Here’s the “good” news: There are ways to help mitigate problems in a conversion project. The more you do and know upfront before your project begins, and the better you manage it during the process, the better your results will be. Hopefully this article will act as a knowledge share on the common pitfalls and solutions we’ve uncovered during DCL’s 35 years in business. I’d like to offer you an overview of our process and some of the tools we’ve developed to help in a semi-automated conversion process. Let’s first break down some common hurdles.

Finding the inconsistencies in legacy content

Source material and legacy material spend years, decades, and in the case of paper, even centuries, stuck in their non-structured format. For each data source or each decade, different authors follow the beat of their own drum, and there are a variety of style guides. For example, callouts and/or citations can be superscript numbers, numbers in parentheses, or square brackets. The labels or figures in the table can be either fully spelled out or abbreviated. You can see how complexities can build up for projects like this.

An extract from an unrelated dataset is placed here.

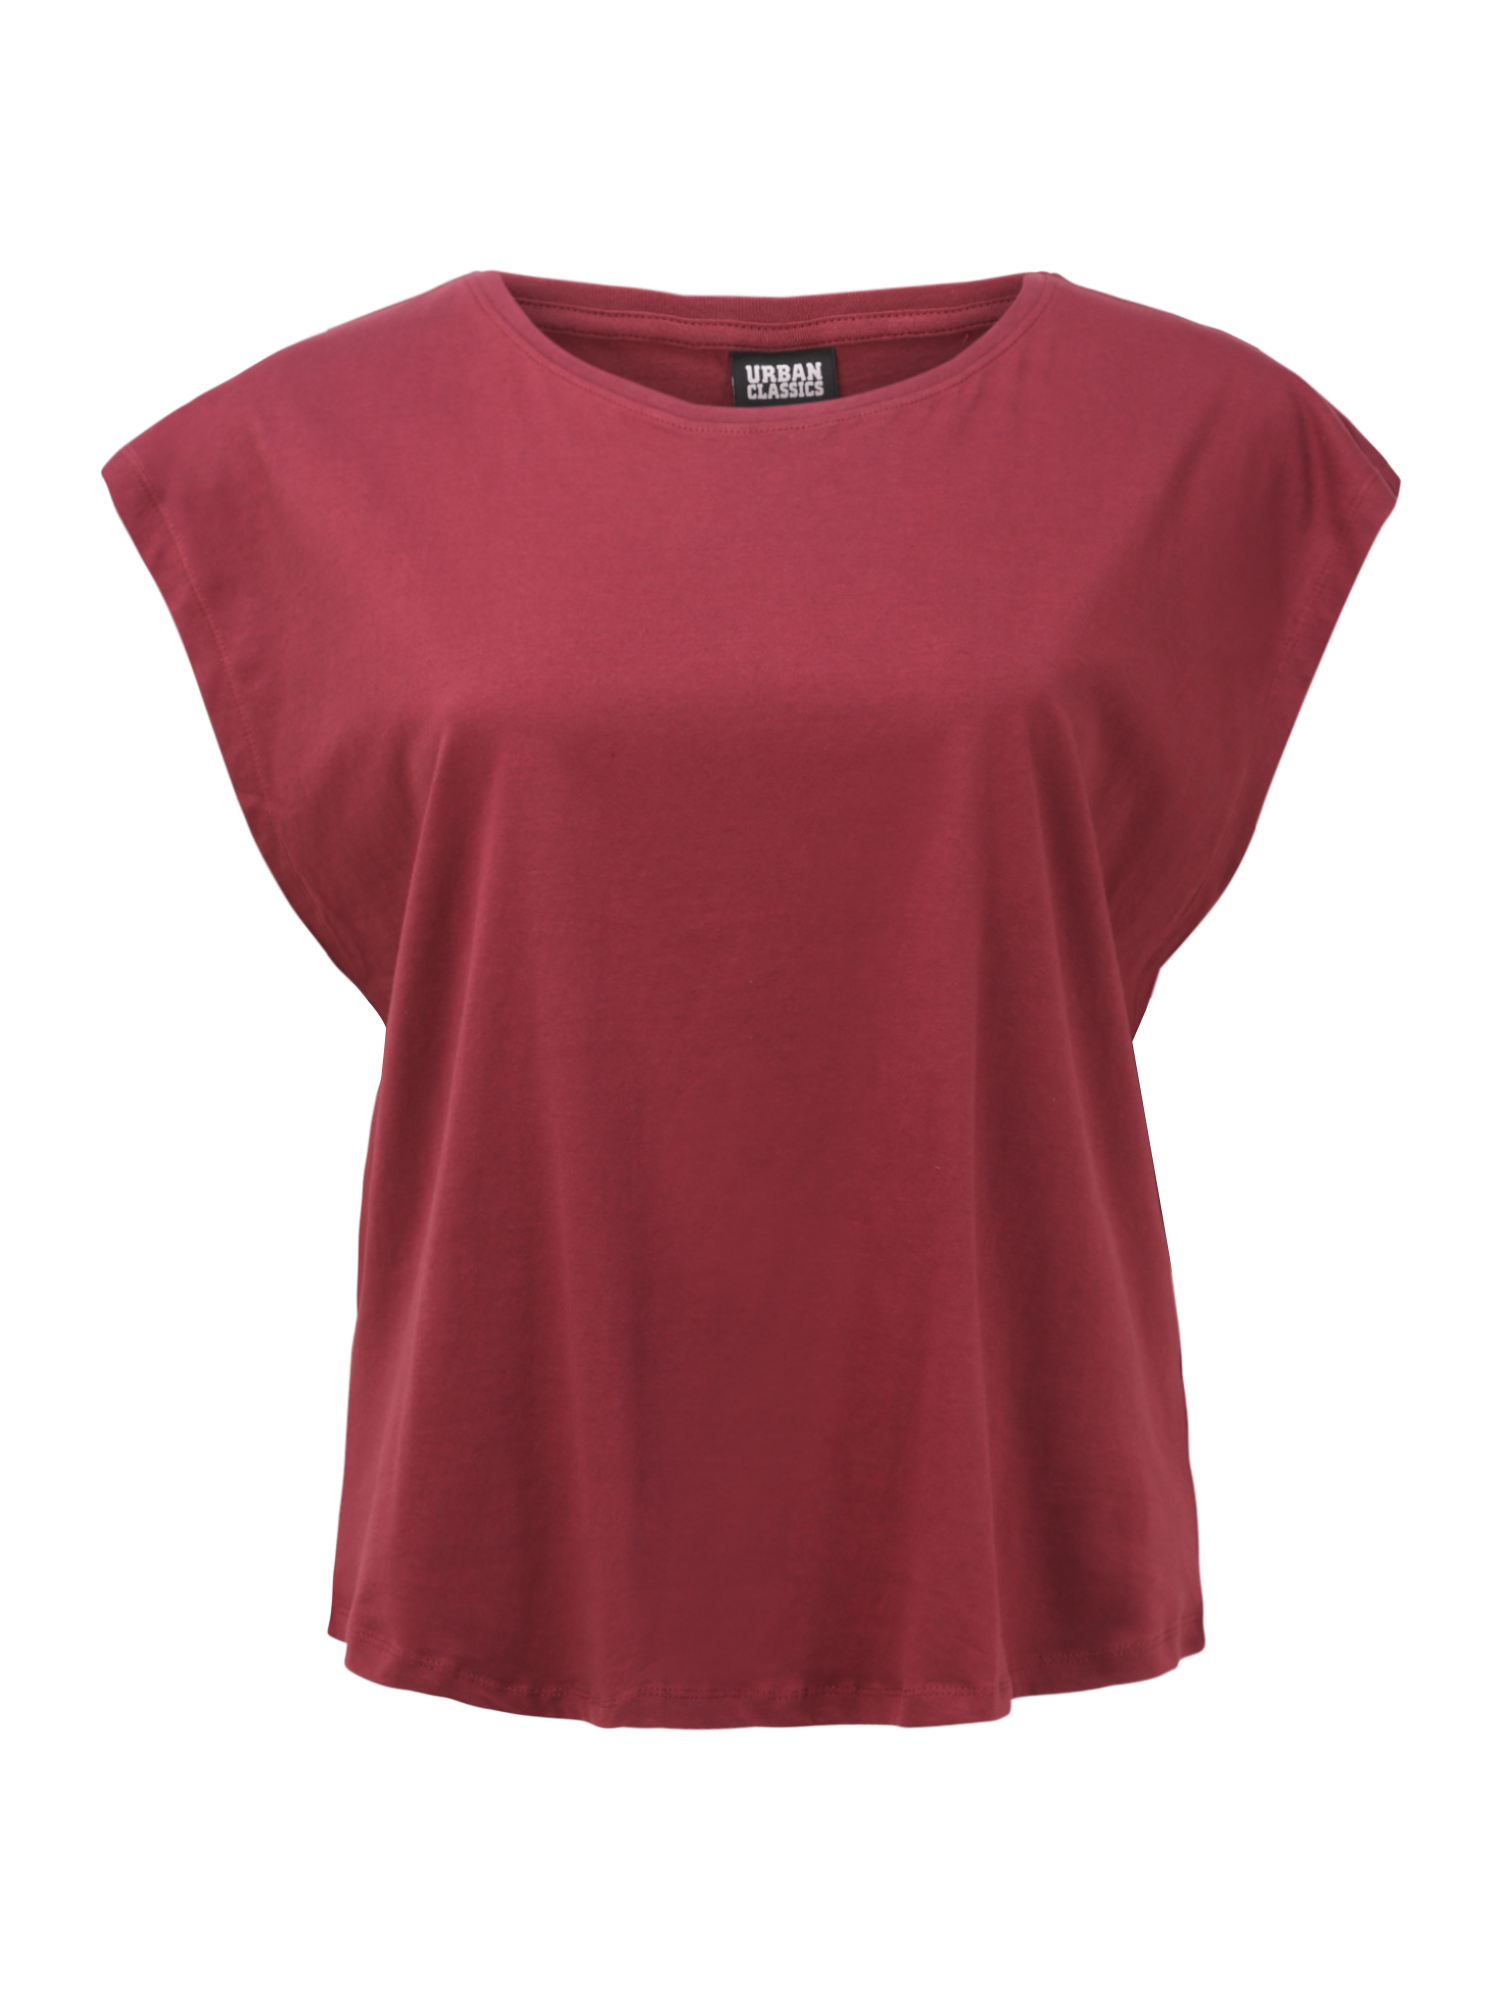 Odzież Kobiety Urban Classics Curvy Koszulka Basic Shaped Tee w kolorze Wiśniowo-Czerwonym

Tagging is tricky business

There are multiple ways to markup the same content and you’ll need to decide which way is best. Document Type Definitions, or DTDs, which define the structure of documents in a general way, also contain many tags that are optional, and also some of the tags can be used in multiple structures, with room for interpretation. Therefore, there is a need to make sure that tagging is done consistently, and in a way that properly interprets your materials. When converting, without specific rules, the XML will likely not be consistent and the resulting materials will not render consistently.

Visual versus content

Automated tools will often decide tagging based on the look of the page. But the goal of XML is to markup the content to retain its meaning, and that often means a need for human review.

Text extraction in PDFs.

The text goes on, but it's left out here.